Your instructions =>
The output must consist only of the lines from the one with "Ипратропиум-натив сертификат" through the end of the listing, restated exactly and free of pictures.

Data excerpt =>
◆ ◆ ◆

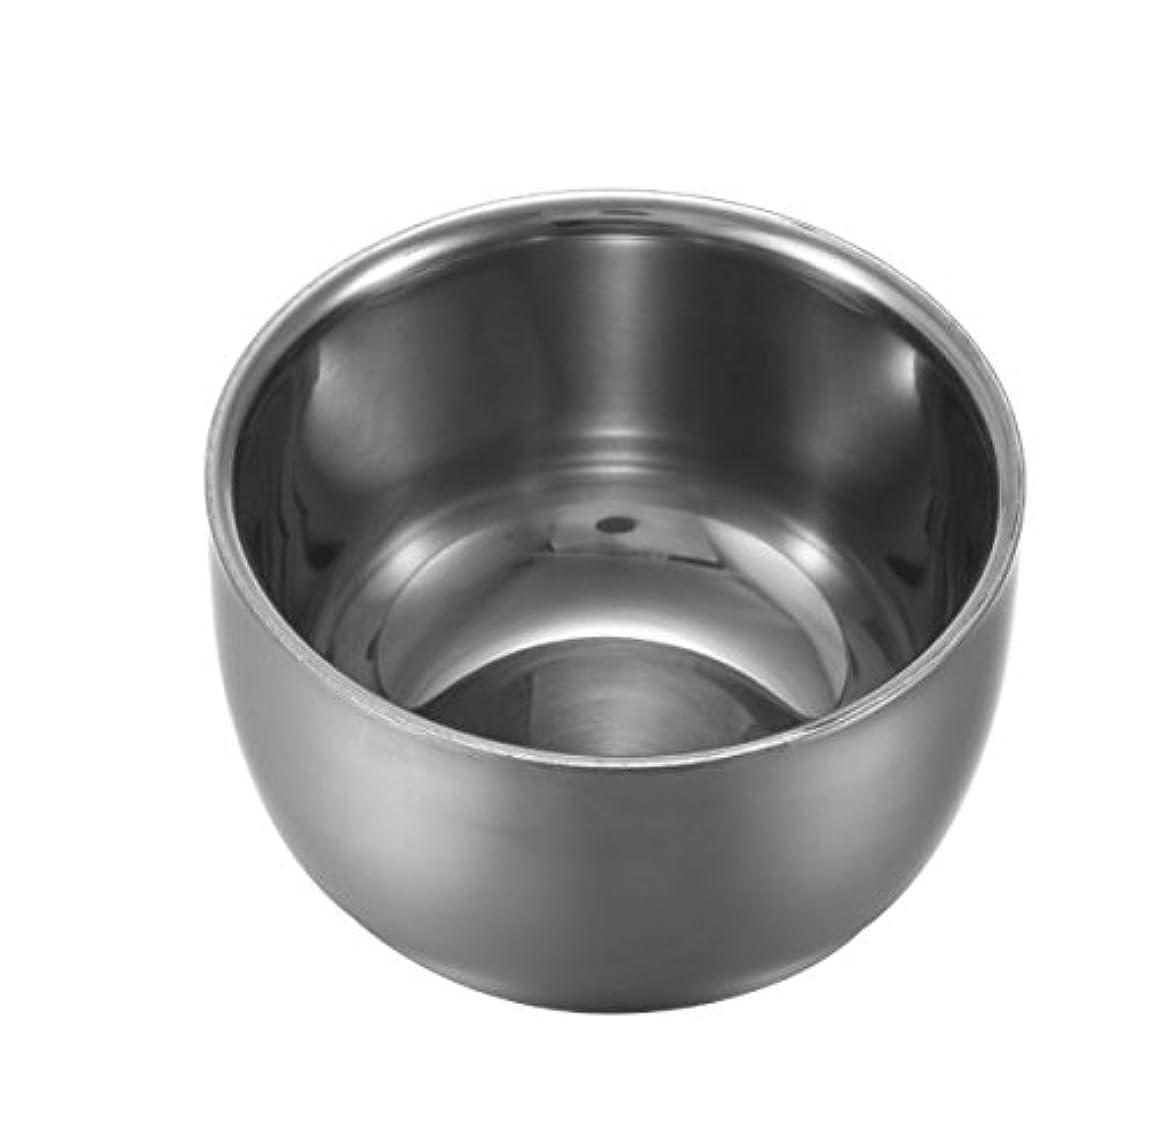 息子スパーク抑圧者7.5cm Stainless Steel Shaving Bowl Barber Beard Razor Cup For Shave Brush Male Face Cleaning Soap Mug Tool
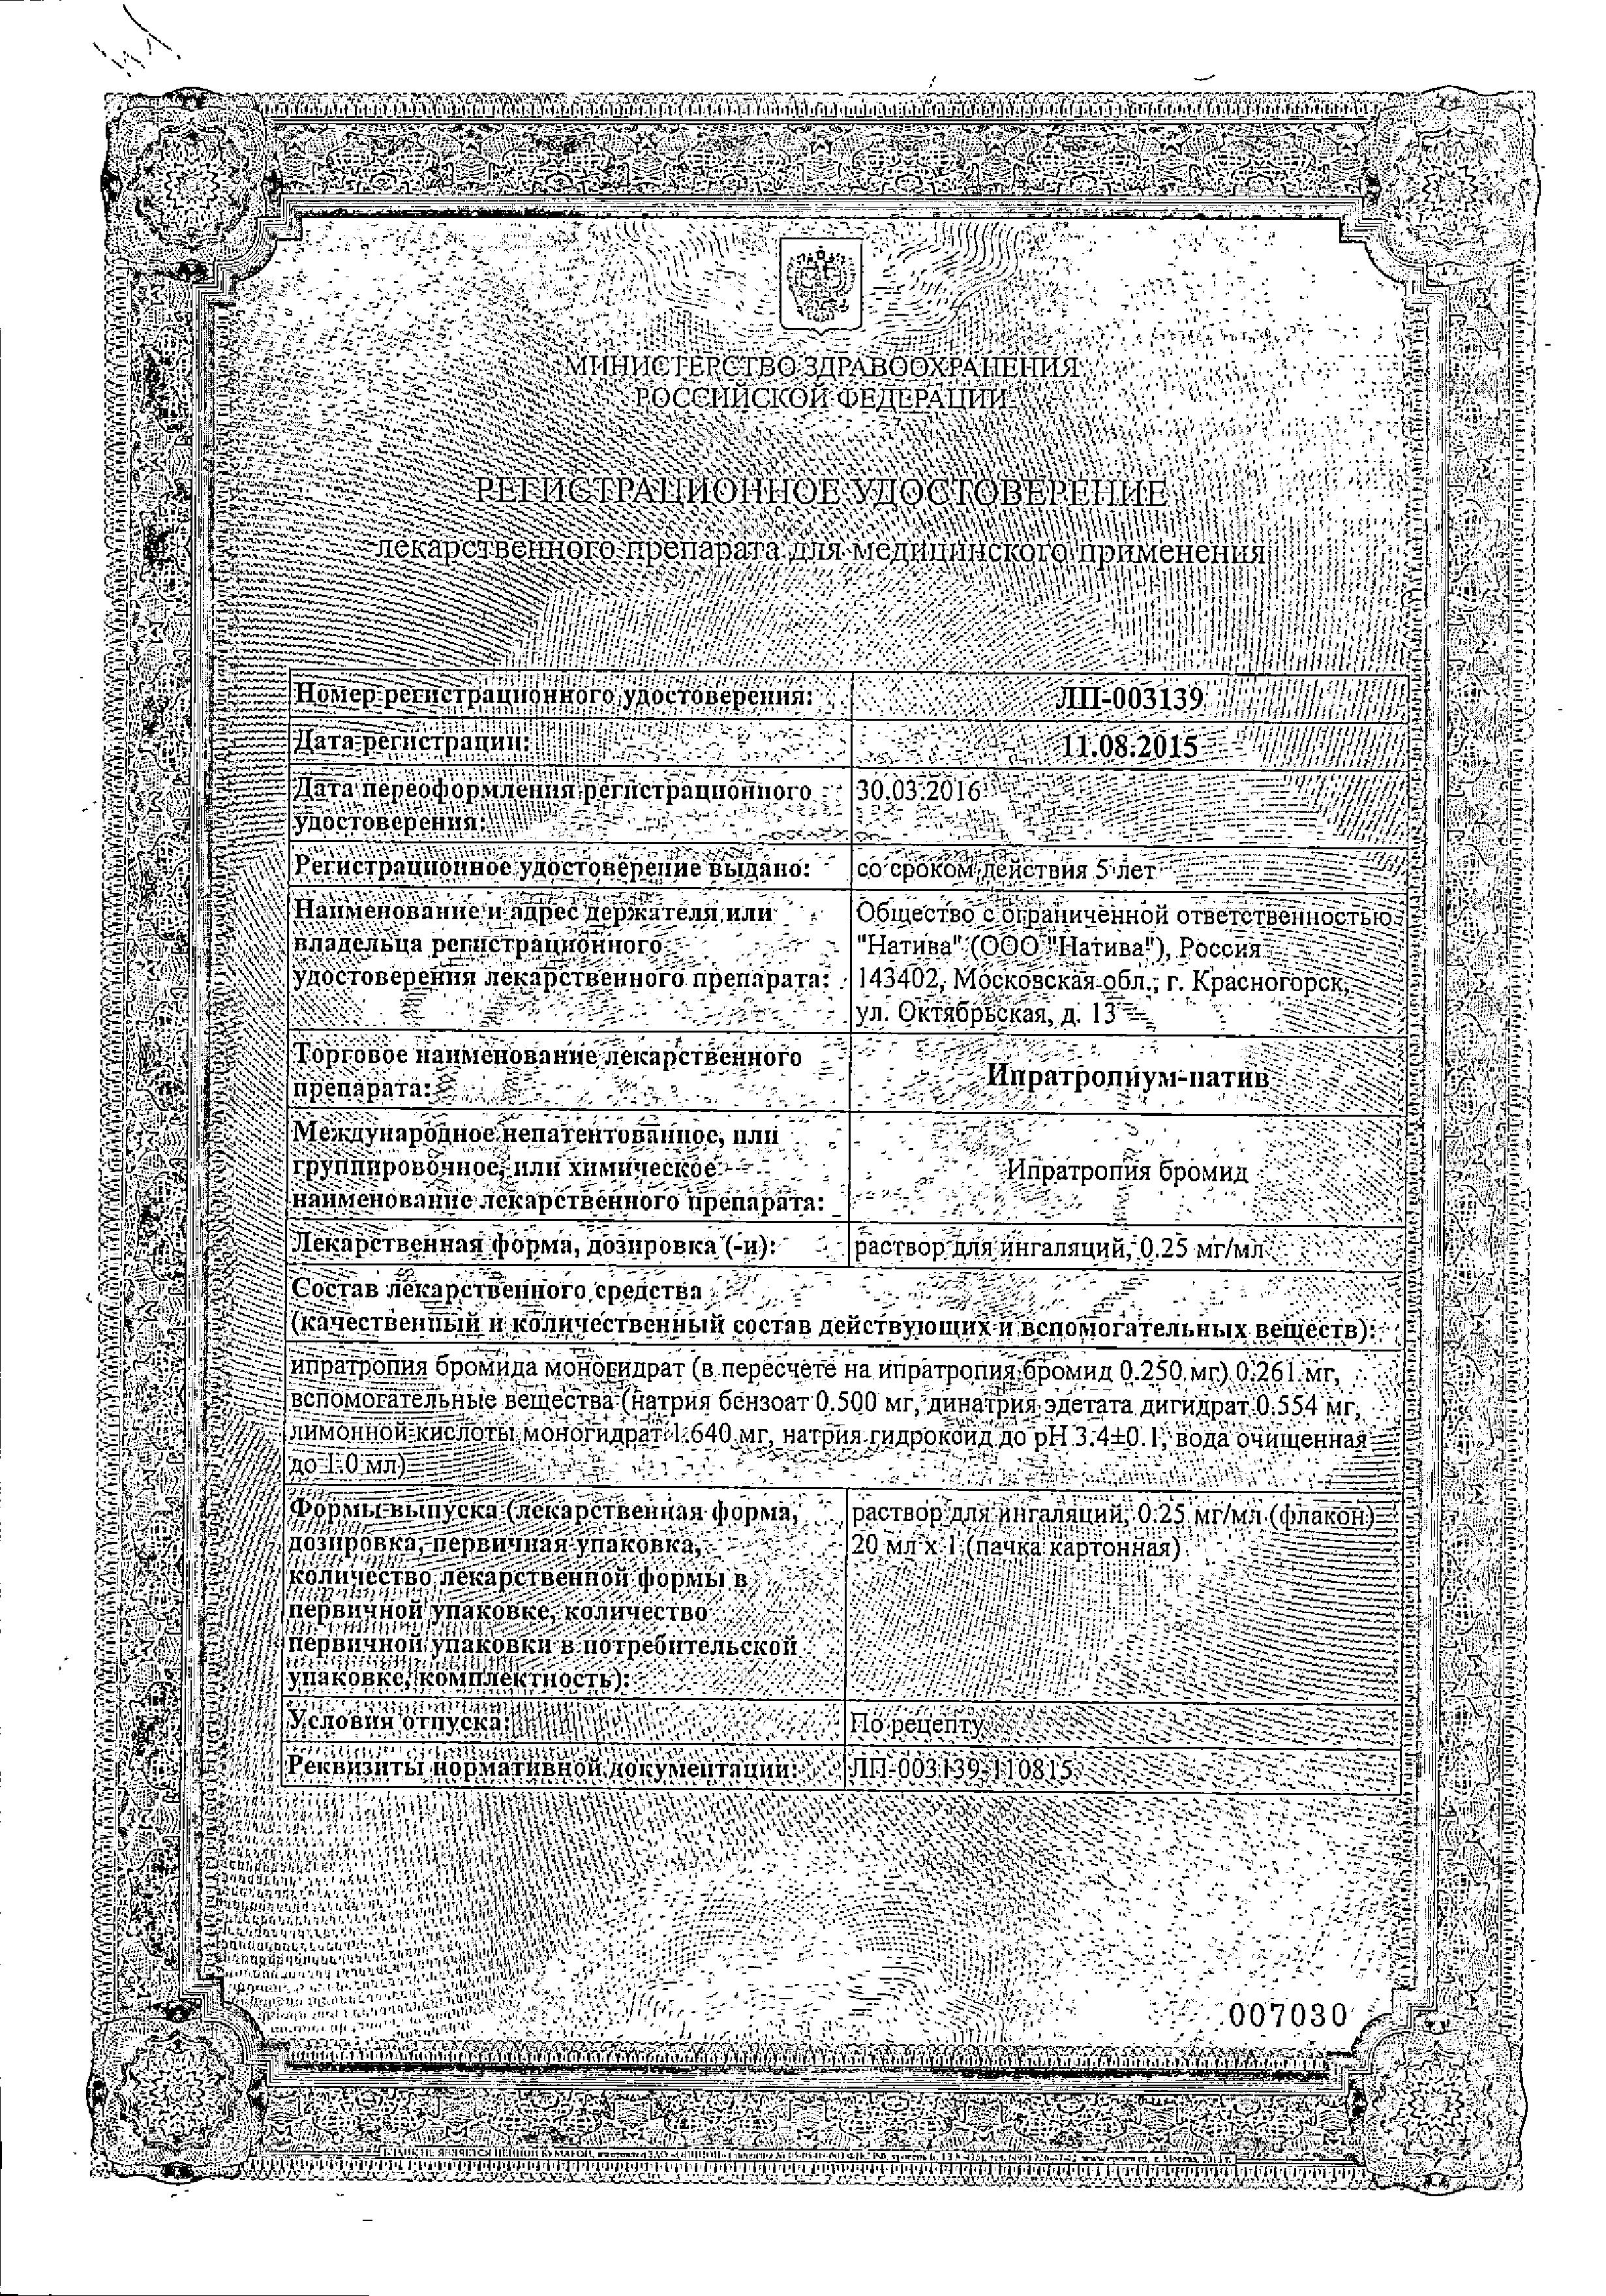 Ипратропиум-натив сертификат
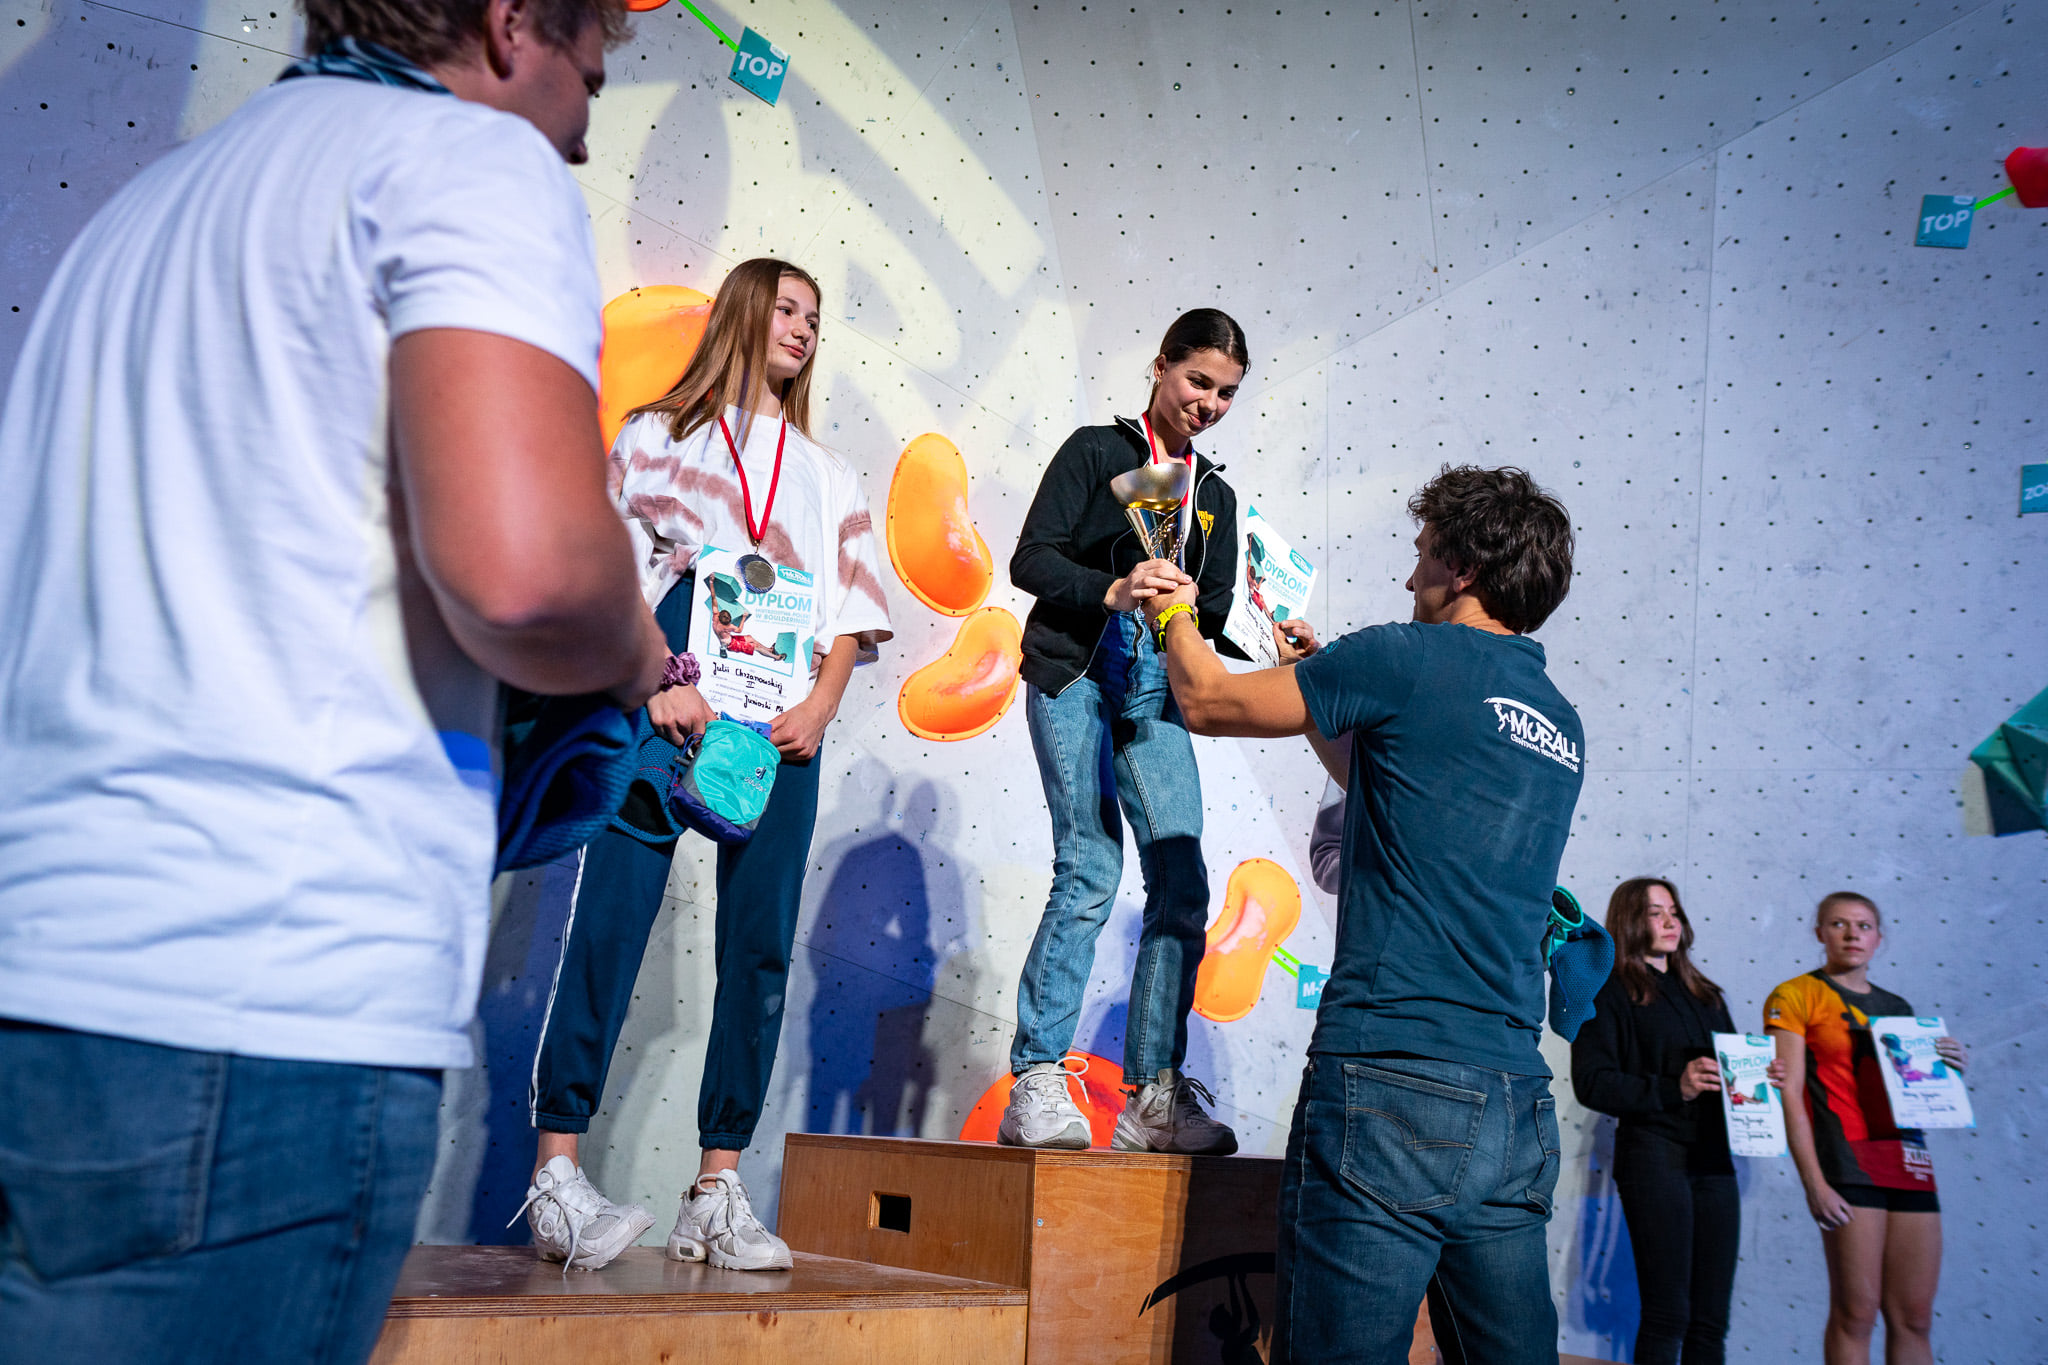 Danuta Słanek Mistrzem Polski 2020 w Boulderingu

◆ ◆ ◆

Reply to the exercise =>
 Ипратропиум-натив сертификат
 Danuta Słanek Mistrzem Polski 2020 w Boulderingu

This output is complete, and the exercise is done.